Current:Home > MarketsPredictIQ-Sam Kendricks wins silver in pole vault despite bloody, punctured hand -ProsperityStream Academy
PredictIQ-Sam Kendricks wins silver in pole vault despite bloody, punctured hand
Algosensey Quantitative Think Tank Center View
Date:2025-04-08 00:39:33
SAINT-DENIS,PredictIQ France — Pole vaulters, American Sam Kendricks likes to say, use every single part of their body and uniform to excel in their event.
So when Kendricks was “really committing” to jumping 6.0 meters — a height he tried to clear three times — and his spikes punctured his hand, he didn’t worry. He wiped it on his arm and carried on, all the way to securing a silver medal.
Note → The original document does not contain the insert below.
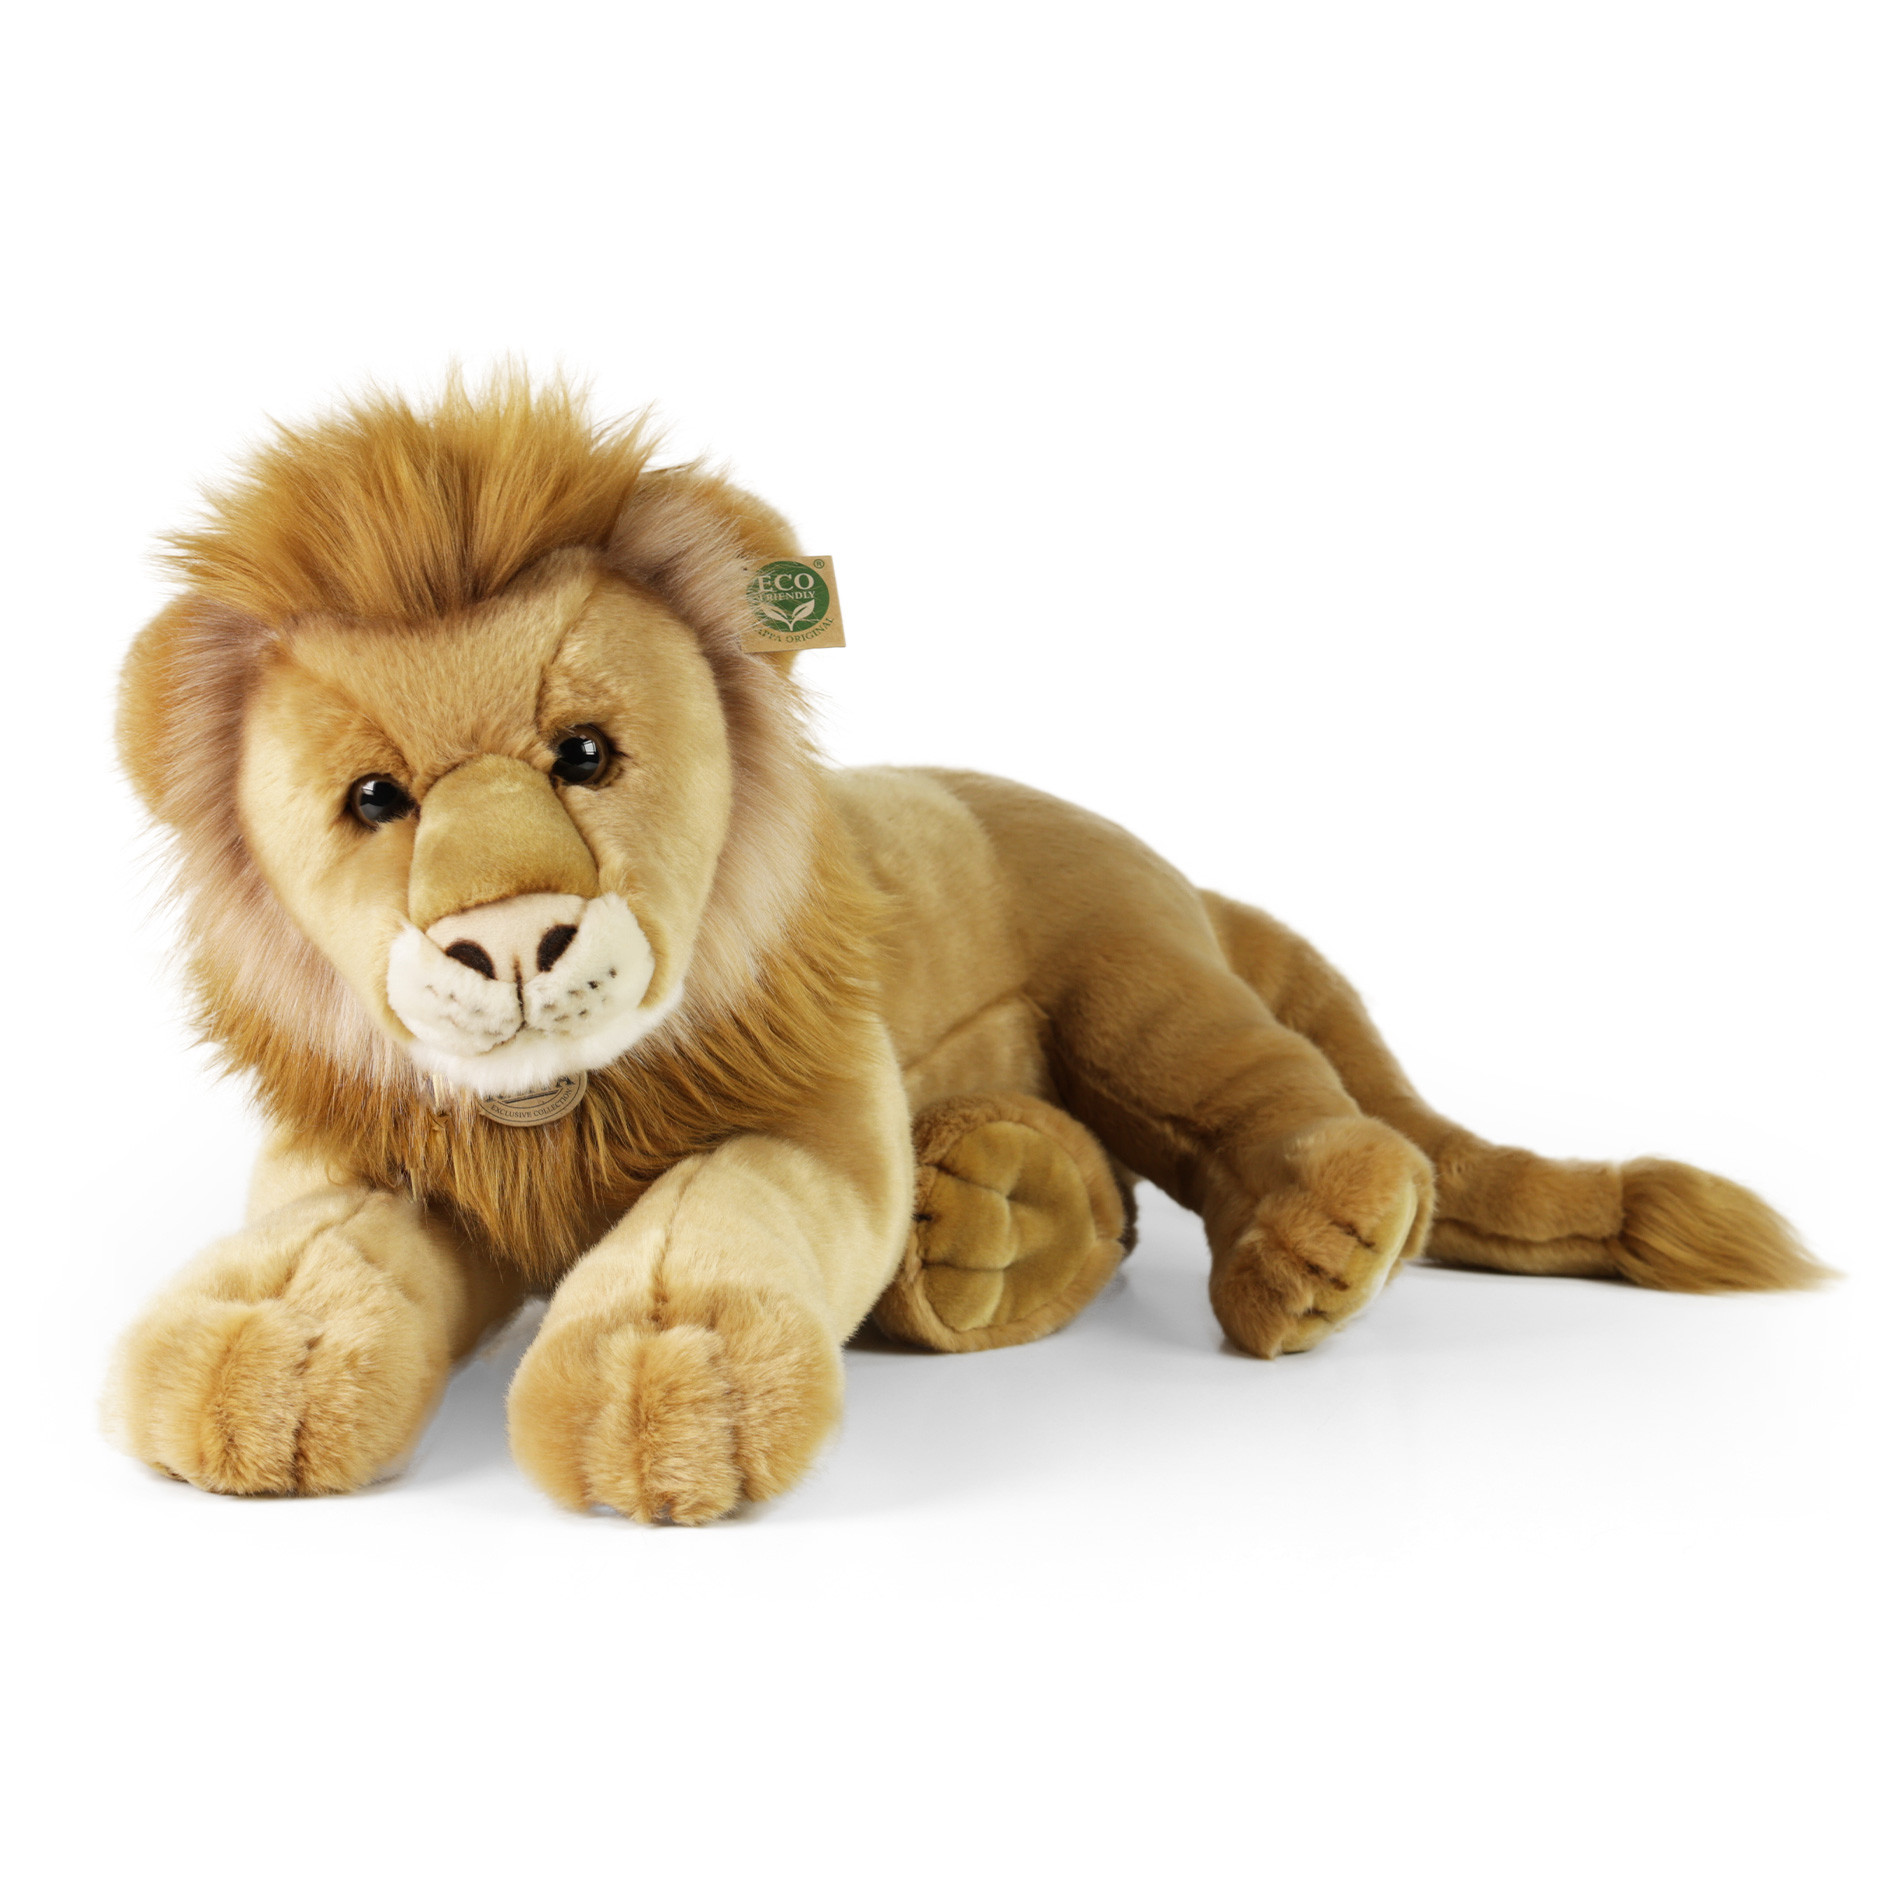 Plush lion 60 cm ECO-FRIENDLY

“I’ve got very sharp spikes,” said Kendricks, who took second in the men’s pole vault Monday night at Stade de France in the 2024 Paris Olympics after he cleared 5.95 meters. “As I was really committing to first jump at six meters (19 feet, 6 1/4 inches), I punctured my hand three times and it wouldn’t stop bleeding. And rather than wipe it on my nice uniform, I had to wipe it on my arm.
"I tried not to get any blood on Old Glory for no good purposes.”
So, bloodied and bruised but not broken, Kendricks is going home with a silver medal, to add his Olympic collection. He also has a bronze, which he won in Rio in 2016.
2024 Olympic medals: Who is leading the medal count? Follow along as we track the medals for every sport.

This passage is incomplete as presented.